The Instrument Editor is located in the Instrument Rack in the lower right corner of Hydrogen, which can be shown or hidden via the View option in the Main Menu or via the corresponding button in the Main Toolbar. The Instrument Rack does either show the Instrument Editor or the Sound Library depending on what is chosen in the View option in the Main Menu or the corresponding buttons at the top of the Instrument Rack.

11.1. General

When clicking the General button in the Instrument Editor you can adjust several parameters that apply to the particular instrument (and all its layers) selected in the Sidebar of the Pattern Editor.

[Note]Note

It's important that you understand Drumkit Concepts and a couple of basic concepts of sound synthesis described in the Glossary in order to continue on. To ease reading, several of the latter concepts are linked in the text.

11.1.1. Envelope Parameters

Four rotaries are displayed. From left to right: "ATTACK", "DECAY", "SUSTAIN", and "RELEASE".

When a note associated with this instrument is triggered, its volume is run through an ADSR Envelope. Its particular settings can be adjusted using the envelope parameters located right below the instrument name.

  • Attack: the amount of time that the volume of the sample goes from 0 to the full velocity of the note. If the value is 0, the sample will play back immediately at full velocity.

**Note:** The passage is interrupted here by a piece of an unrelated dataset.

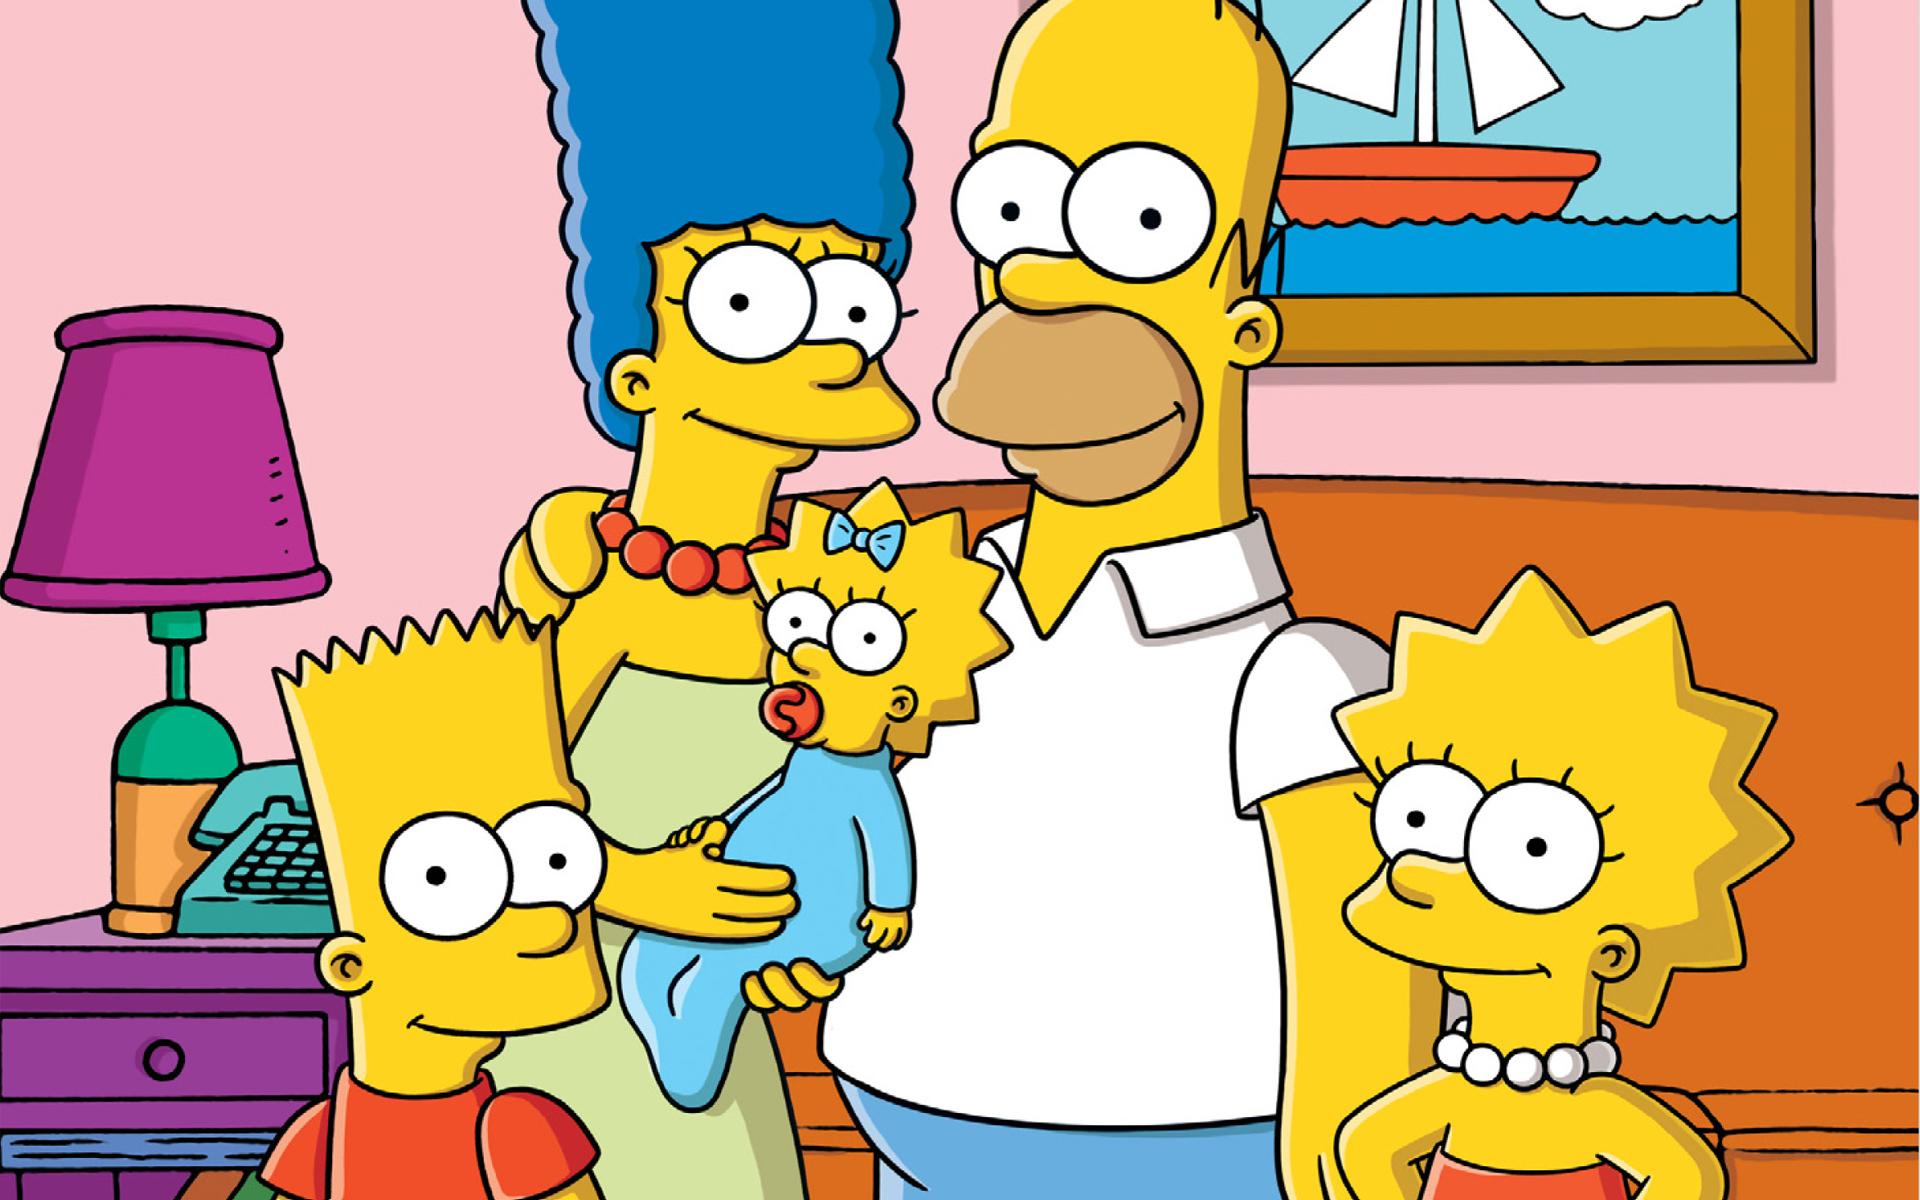 вот симпсоны картинки радость подобных
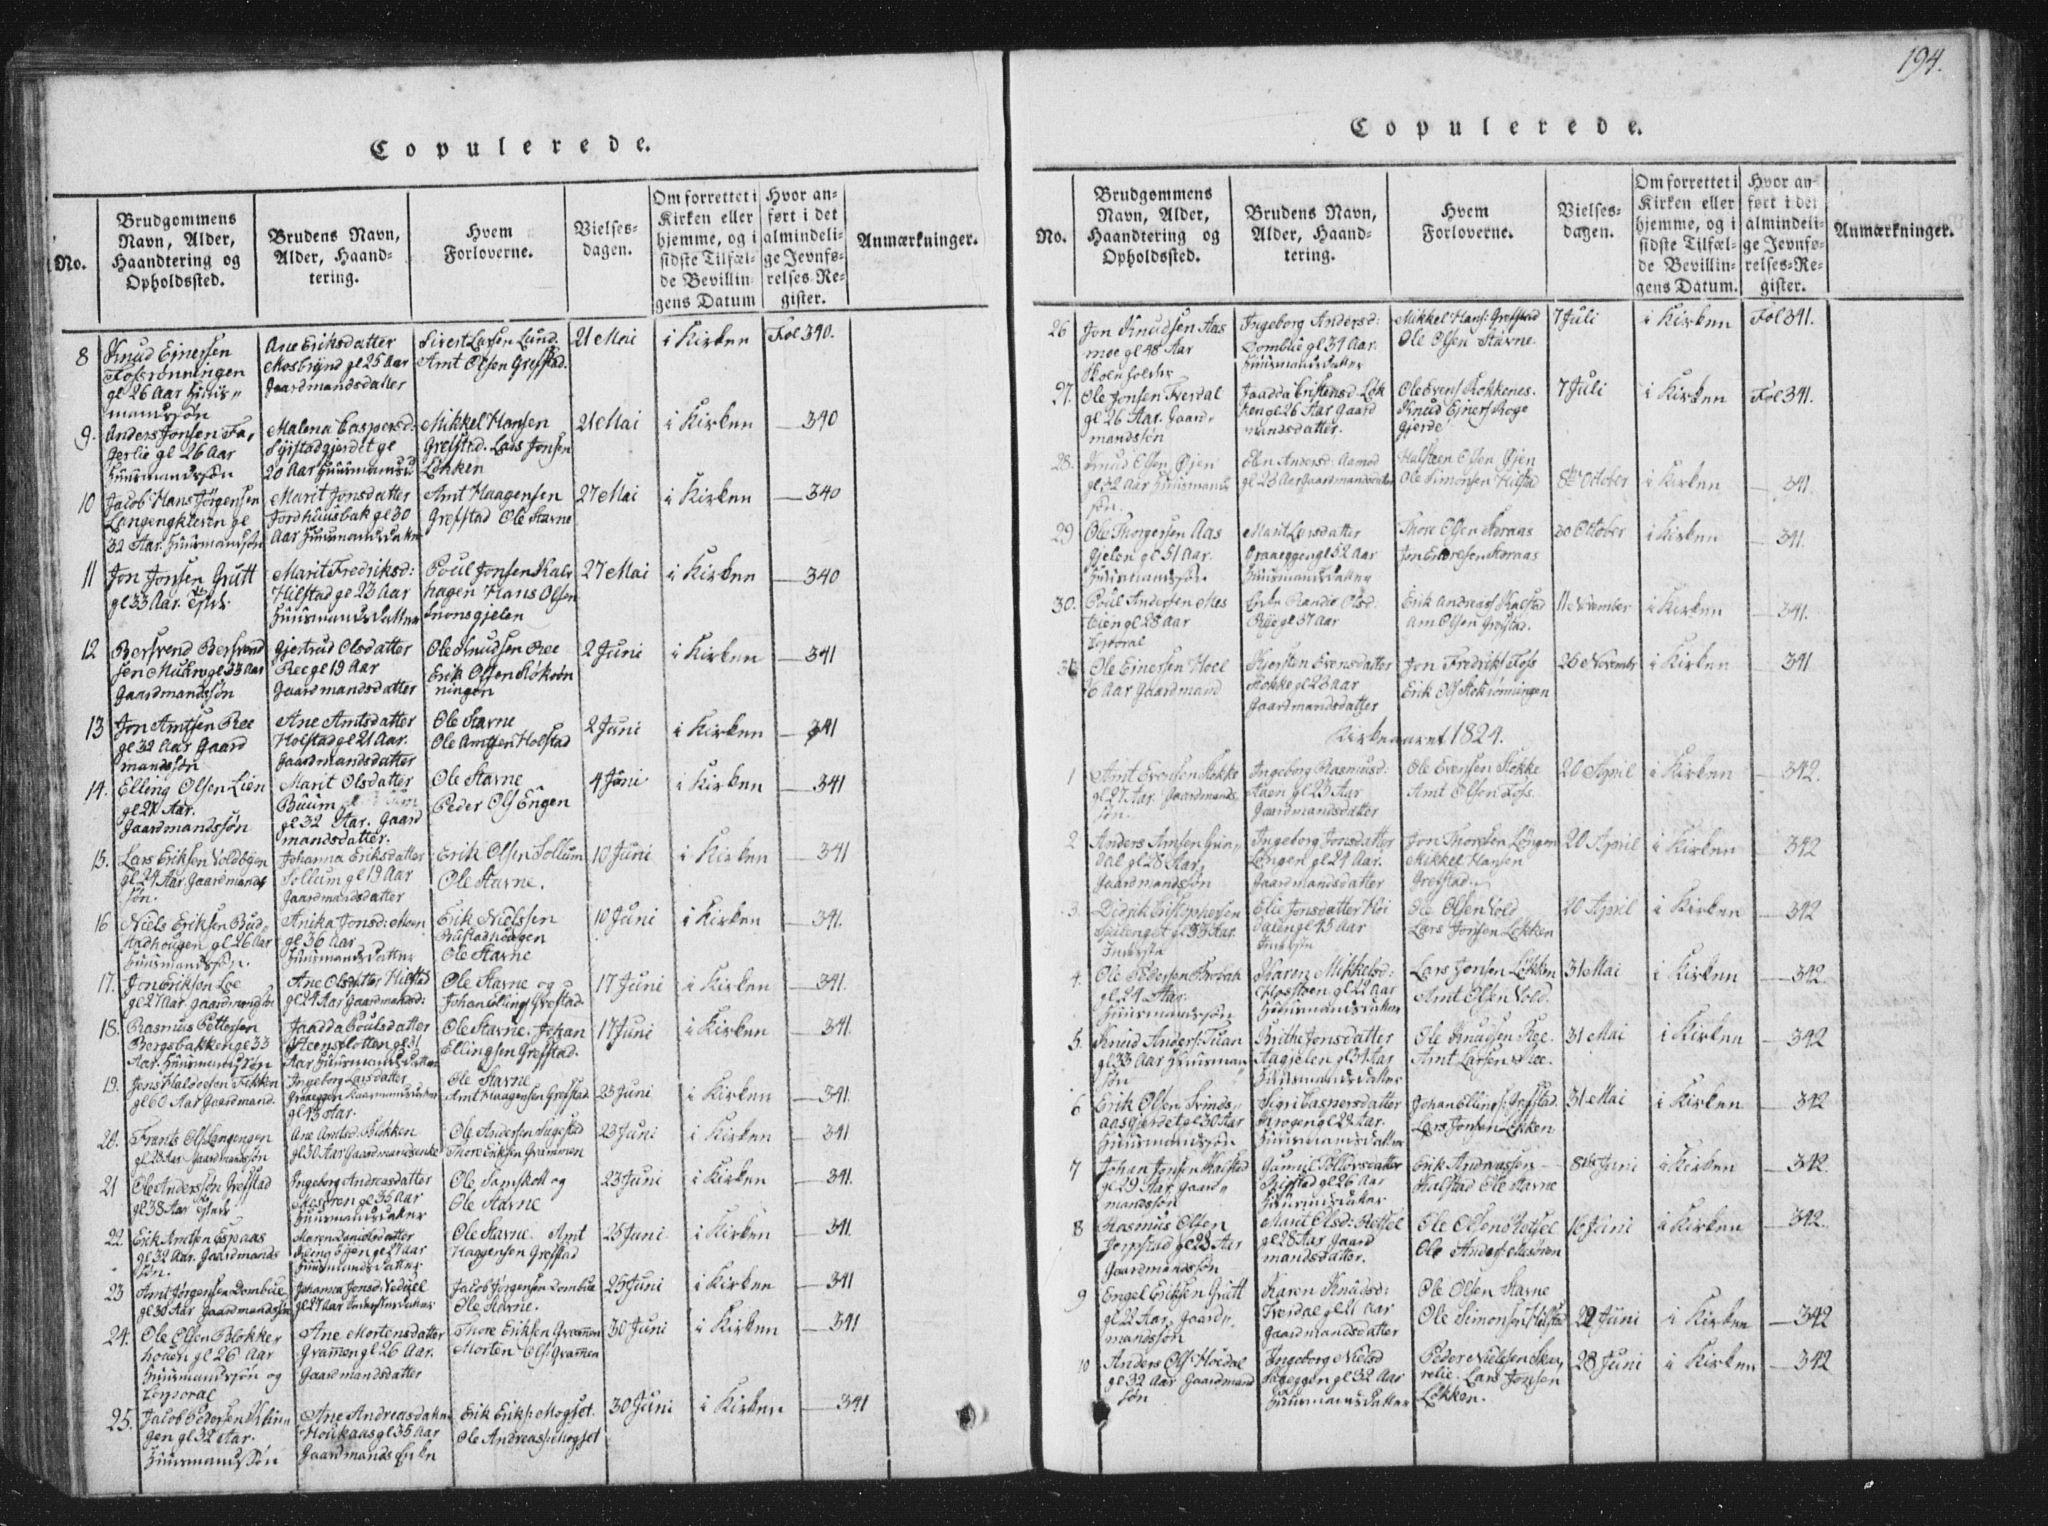 SAT, Ministerialprotokoller, klokkerbøker og fødselsregistre - Sør-Trøndelag, 672/L0862: Klokkerbok nr. 672C01, 1816-1831, s. 194

  • Decay: the amount of time for the volume of the sample to go from full velocity down to the sustain volume. If the value is 0, the sample will immediately skip from the full velocity to the sustain volume.

  • Sustain: the volume to play the note after the decay phase is over and until the note is released. If set to 0, the note will be silent. If set to 1.0, the note will play at full velocity.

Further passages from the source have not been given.